(FRA) FRA calls for stronger human rights safeguards in European lawmaking
Date of article: 08/12/2025
Daily News of: 10/12/2025
Country:
EUROPE
Author:
Article language: en
Human rights considerations are still too often overlooked in lawmaking across the EU, finds a new report from the EU Agency for Fundamental Rights (FRA). Despite the binding force of the EU Charter of Fundamental Rights, only a few EU Member States have guidelines to assess human rights impacts when implementing EU law. Even fewer explicitly reference the Charter in such guidelines. The report comes as the EU intensifies efforts to streamline its regulatory framework through “Omnibus” reforms to boost competitiveness. In this context, the report stresses that fundamental rights impact assessments are essential to protect people and ensure compliance with the law – without compromising the goals of simplification and efficiency.
The report Better legislation: Human rights impact assessment in lawmaking finds that impact assessments by EU countries rarely address the full spectrum of human rights. They tend to focus narrowly on areas such as equality, gender or data protection. Procedures vary widely between countries, policy areas, and ministries. As a result, laws may fall short of fundamental rights standards, exposing governments to legal risks and imposing wider societal costs.

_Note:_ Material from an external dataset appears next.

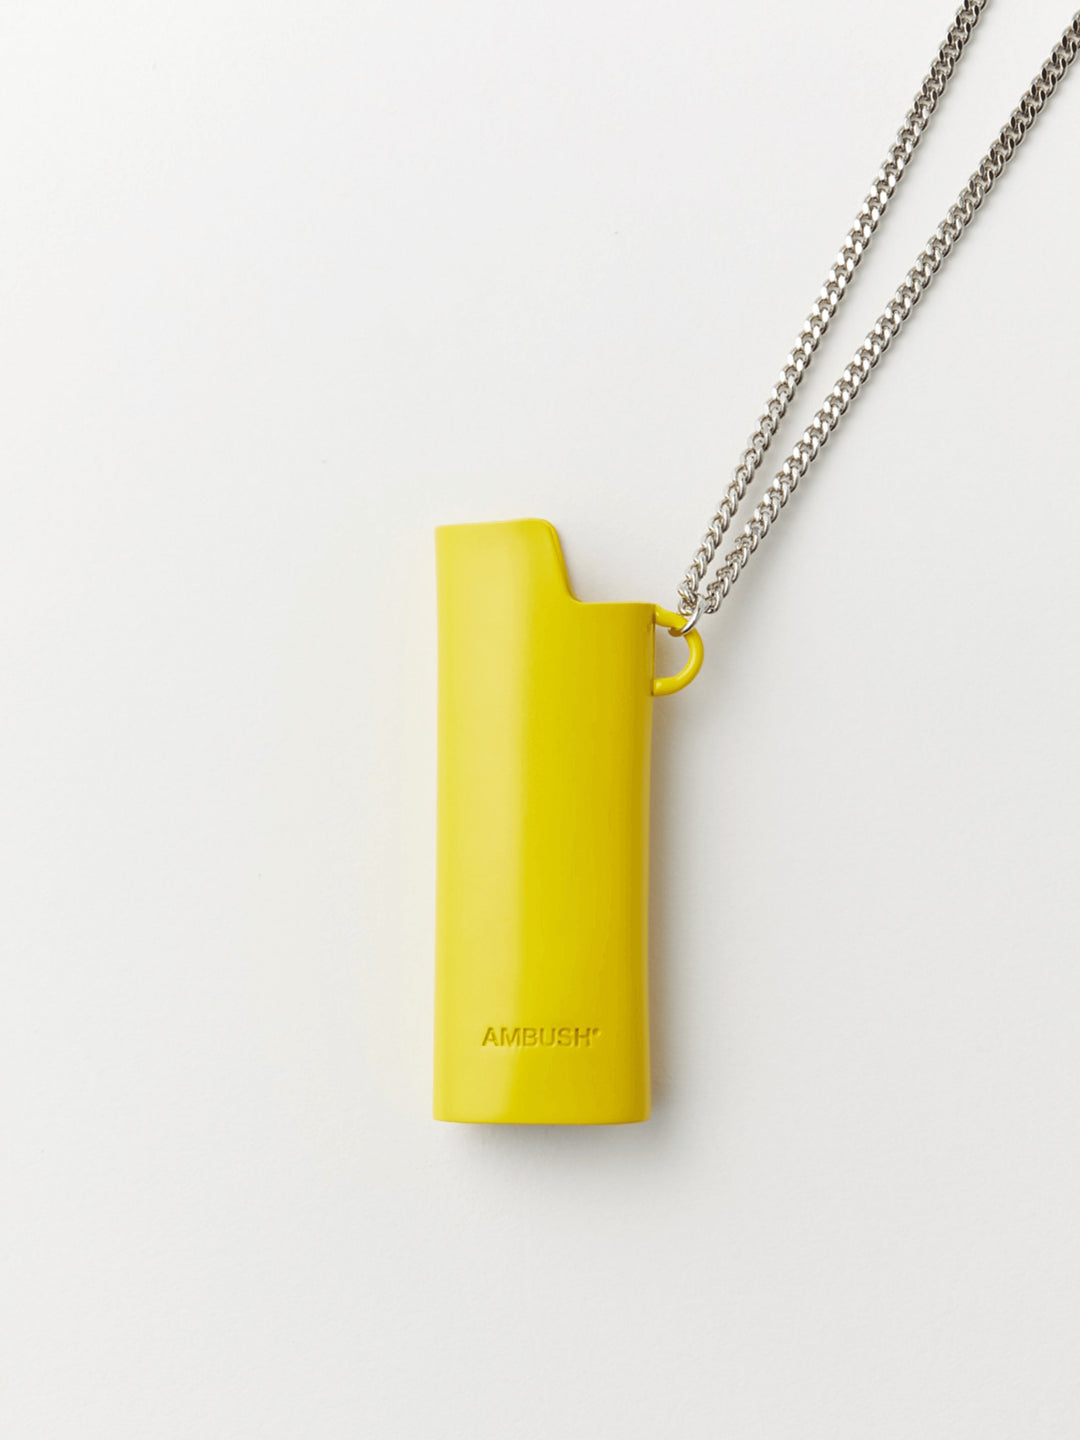 Ambush Lighter Case Necklace (Yellow) Small Ambush
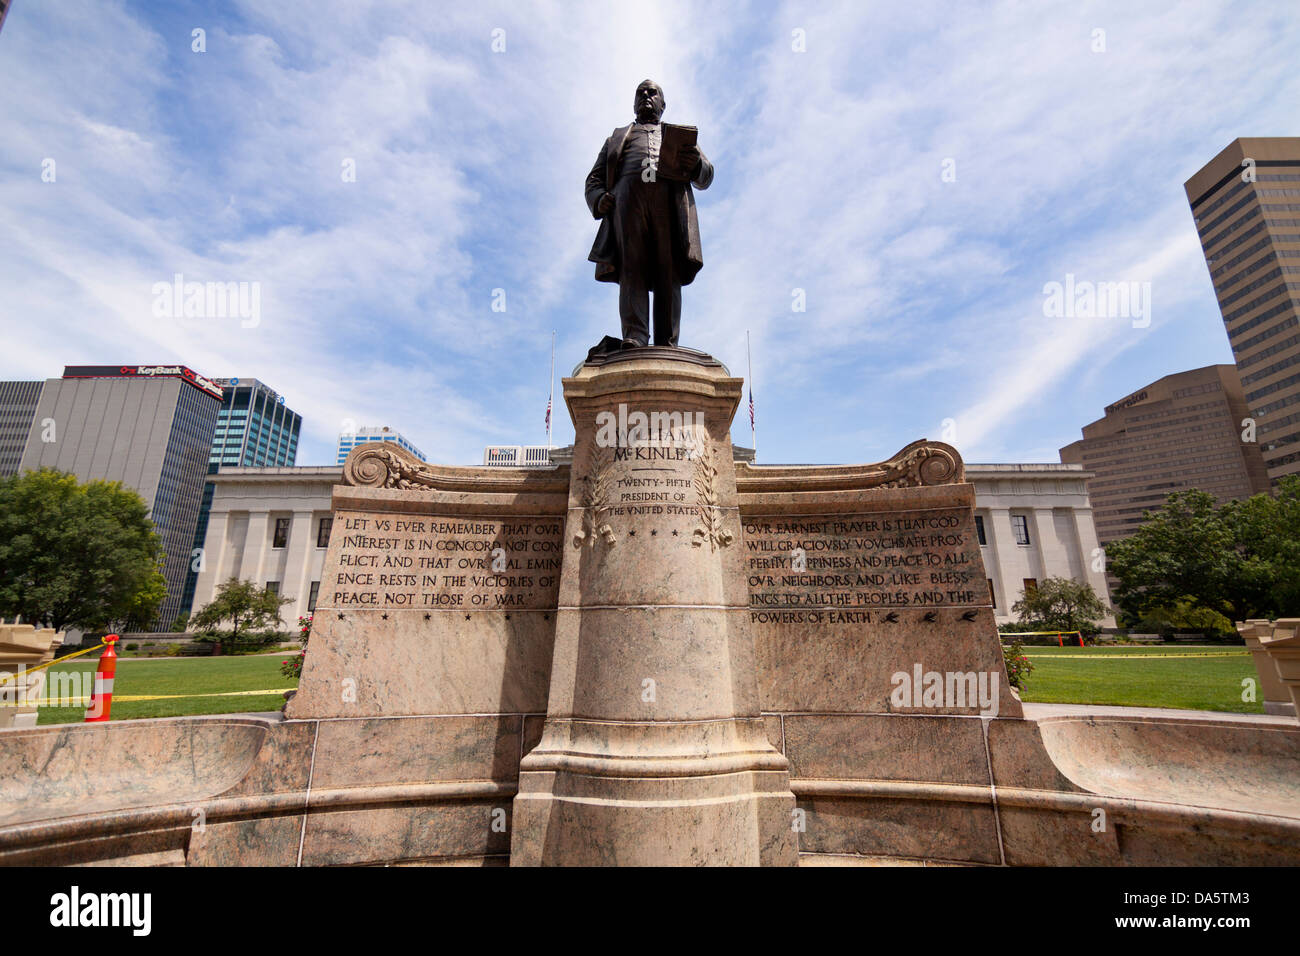 The McKinley memorial at the Ohio Statehouse in Columbus, Ohio, USA. Stock Photo

At EU level, the European Commission requires fundamental rights checks for all legislative proposals. The report notes that these assessments are sometimes superficial or missing altogether. The lack of specialised expertise and limited involvement of independent human rights bodies further weakens the process.
FRA calls on the EU to:
- Ensure systematic and thorough application of fundamental rights impact assessments;
- increase the accessibility and inclusiveness of public consultations;
- consider independent external human rights expertise;
- support peer-learning between Member States to further improve their human rights impact assessment systems.
FRA calls on the EU Member States to:
- Develop coherent and comprehensive guidelines that explicitly use the Charter when legislating within the scope of EU law;
- use the EU-level human rights impact assessment as a starting point and complement it with a national impact assessment to address the national context;
- ensure high quality assessments through appropriate coordination, consultation and capacity building;
- ensure that ex-post evaluations become the rule and systematically consider human rights impacts.
The report draws on extensive desk research, expert consultations and field research conducted in Croatia, Cyprus, Denmark, Germany, Greece, Estonia, Finland, France, the Netherlands, Slovenia, and North Macedonia. The analysis incorporates input from international stakeholders and national human rights institutions, equality bodies, ombuds institutions, civil society organisations and academics.
FRA supports law- and policymakers by providing evidence, legal analysis and guidance on fundamental rights. The Agency helps ensure that fundamental rights are systematically considered in lawmaking across the EU, promoting more transparent, inclusive and rights-compliant legislation.